Before we go any further, it’ll be helpful to define some of the terminology used in ggplot2:

  • The data is what we want to visualize. It consists of variables, which are stored as columns in a data frame.

  • Geoms are the geometric objects that are drawn to represent the data, such as bars, lines, and points.

  • Aesthetic attributes, or aesthetics, are visual properties of geoms, such as x and y position, line color, point shapes, etc.

  • There are mappings from data values to aesthetics.

  • Scales control the mapping from the values in the data space to values in the aesthetic space. A continuous y scale maps larger numerical values to vertically higher positions in space.

  • Guides show the viewer how to map the visual properties back to the data space. The most commonly used guides are the tick marks and labels on an axis.

Here’s an example of how a typical mapping works. You have data, which is a set of numerical or categorical values. You have geoms to represent each observation. You have an aesthetic, such as y (vertical) position. And you have a scale, which defines the mapping from the data space (numeric values) to the aesthetic space (vertical position). A typical linear y-scale might map the value 0 to the baseline of the graph, 5 to the middle, and 10 to the top. A logarithmic y scale would place them differently.

These aren’t the only kinds of data and aesthetic spaces possible. In the abstract grammar of graphics, the data and aesthetics could be anything; in the ggplot2 implementation, there are some predetermined types of data and aesthetics.

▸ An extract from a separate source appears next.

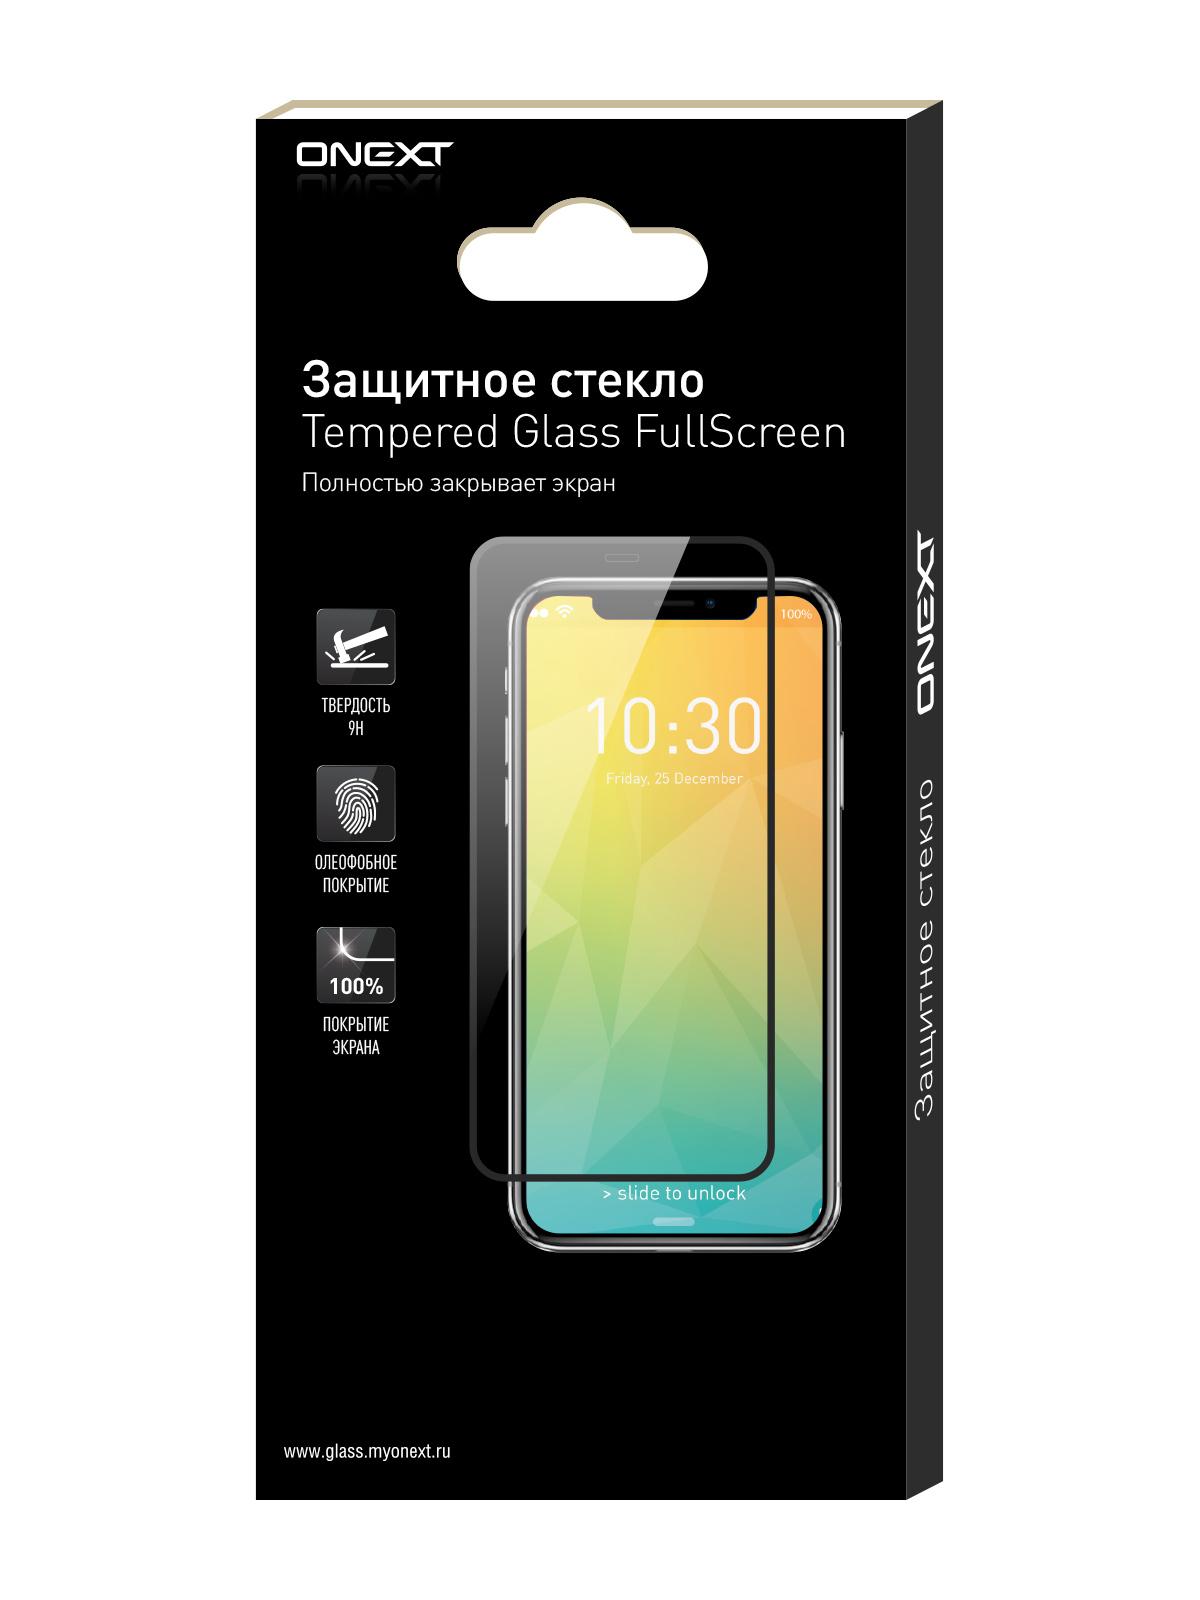 Защитное стекло ONEXT для Xiaomi Redmi Note 6 Pro (2018) Black

Commonly used data types include numeric values, categorical values, and text strings. Some commonly used aesthetics include horizontal and vertical position, color, size, and shape.

To interpret the plot, viewers refer to the guides. An example of a guide is the y-axis, including the tick marks and labels. The viewer refers to this guide to interpret what it means when a point is in the middle of the scale. A legend is another type of scale. A legend might show people what it means for a point to be a circle or a triangle, or what it means for a line to be blue or red.

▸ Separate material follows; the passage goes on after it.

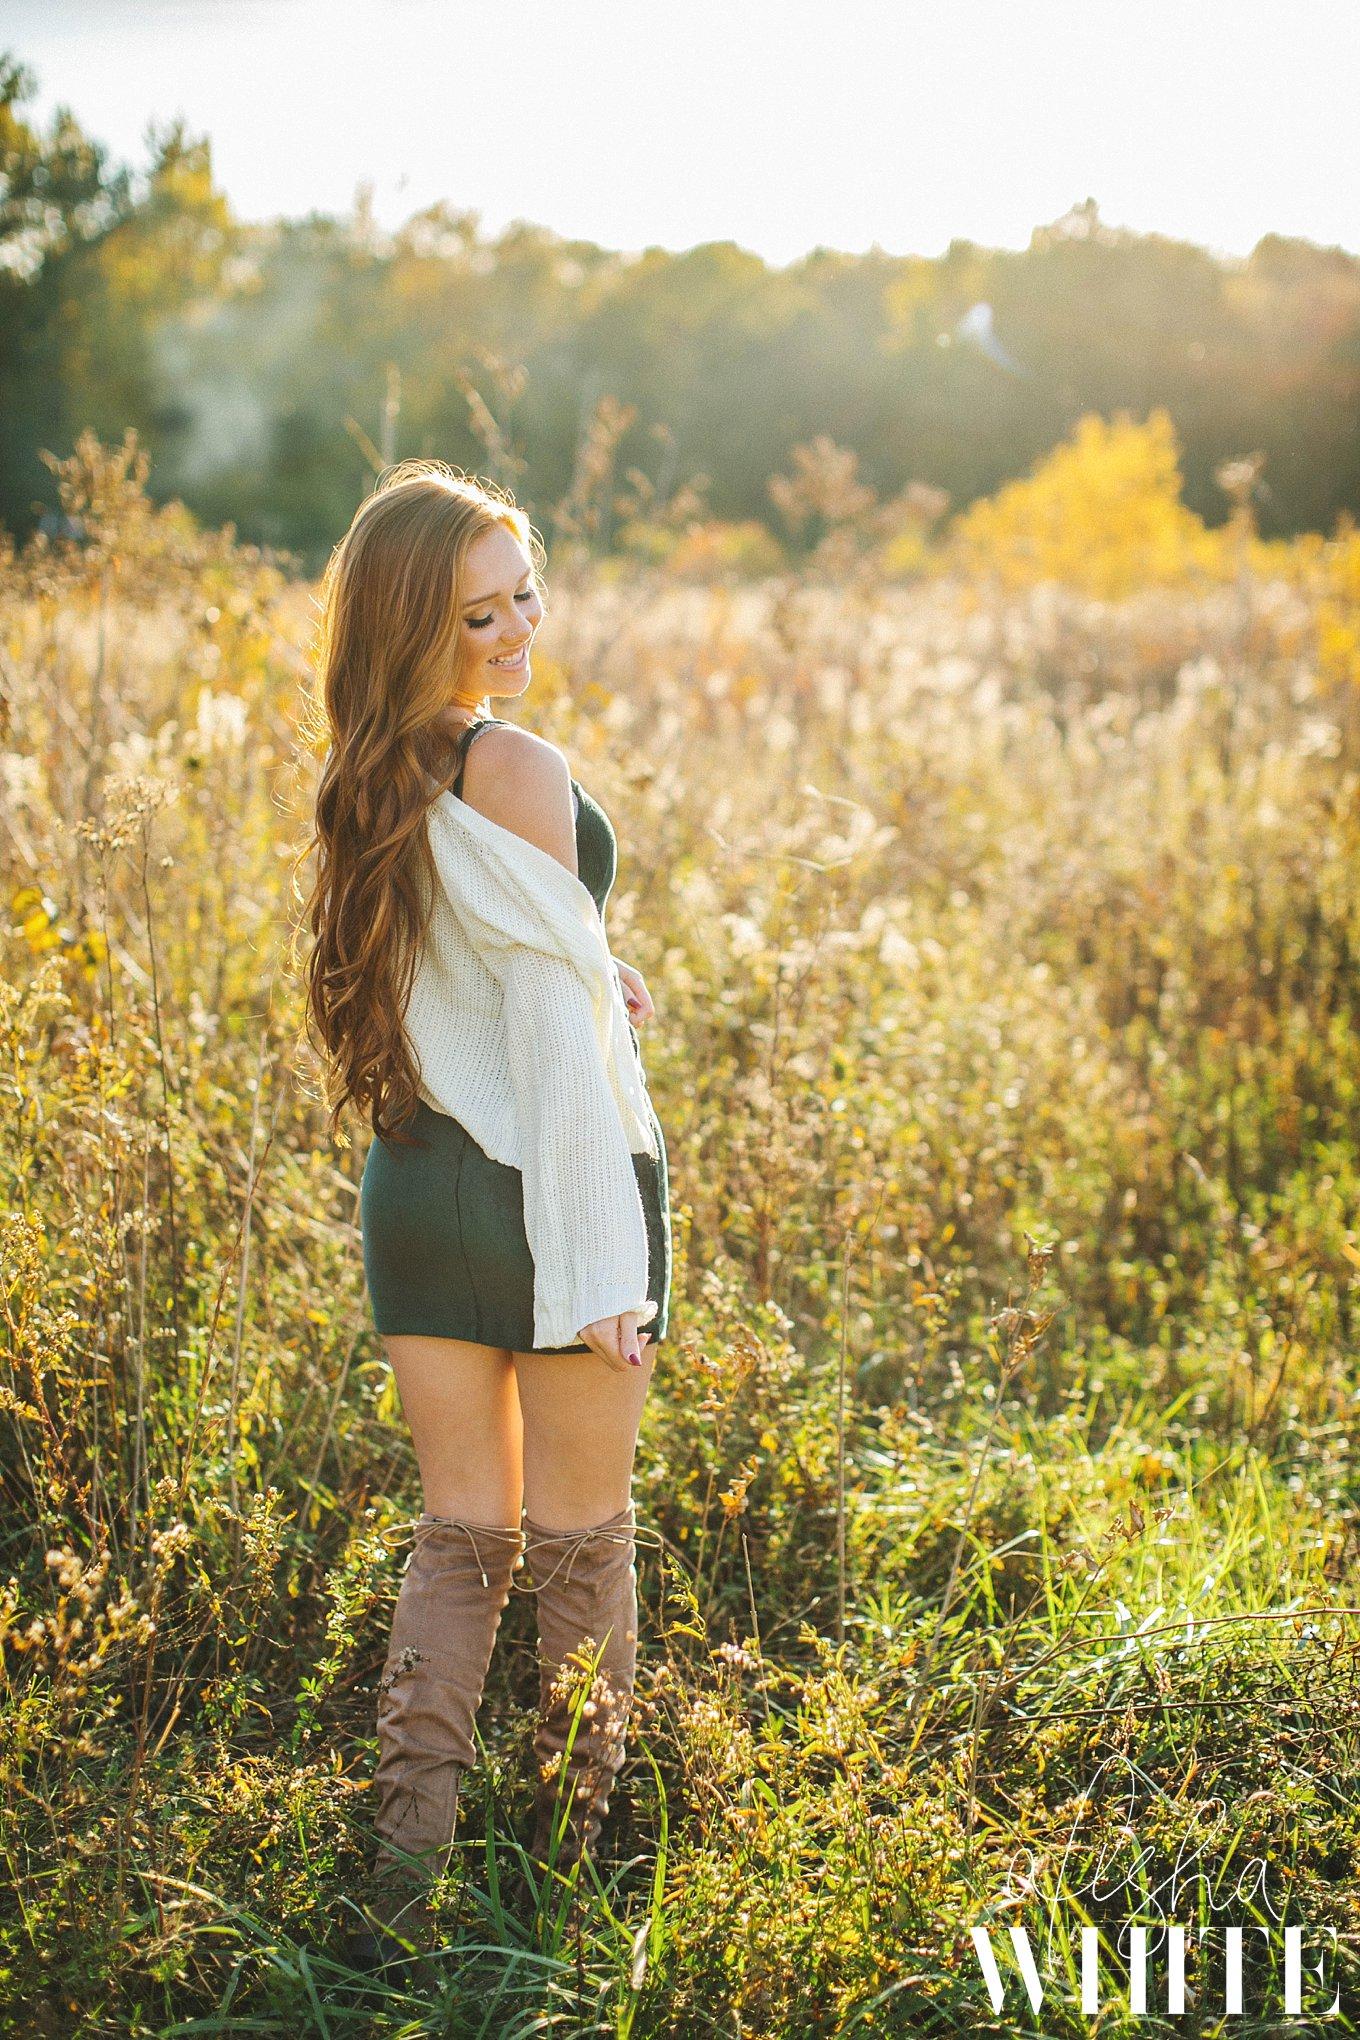 seniorphotography.jpg

Some aesthetics can only work with categorical variables, such as the shape of a point: triangles, circles, squares, etc. Some aesthetics work with categorical or continuous variables, such as x (horizontal) position. For a bar graph, the variable must be categorical-it would make no sense for there to be a continuous variable on the x-axis. For a scatter plot, the variable must be numeric. Both of these types of data (categorical and numeric) can be mapped to the aesthetic space of x position, but they require different types of scales.

Note

In ggplot2 terminology, categorical variables are called discrete, and numeric variables are called continuous. These terms may not always correspond to how they’re used elsewhere. Sometimes a variable that is continuous in the ggplot2 sense is discrete in the ordinary sense. For example, the number of visible sunspots must be an integer, so it’s numeric (continuous to ggplot2) and discrete (in ordinary language).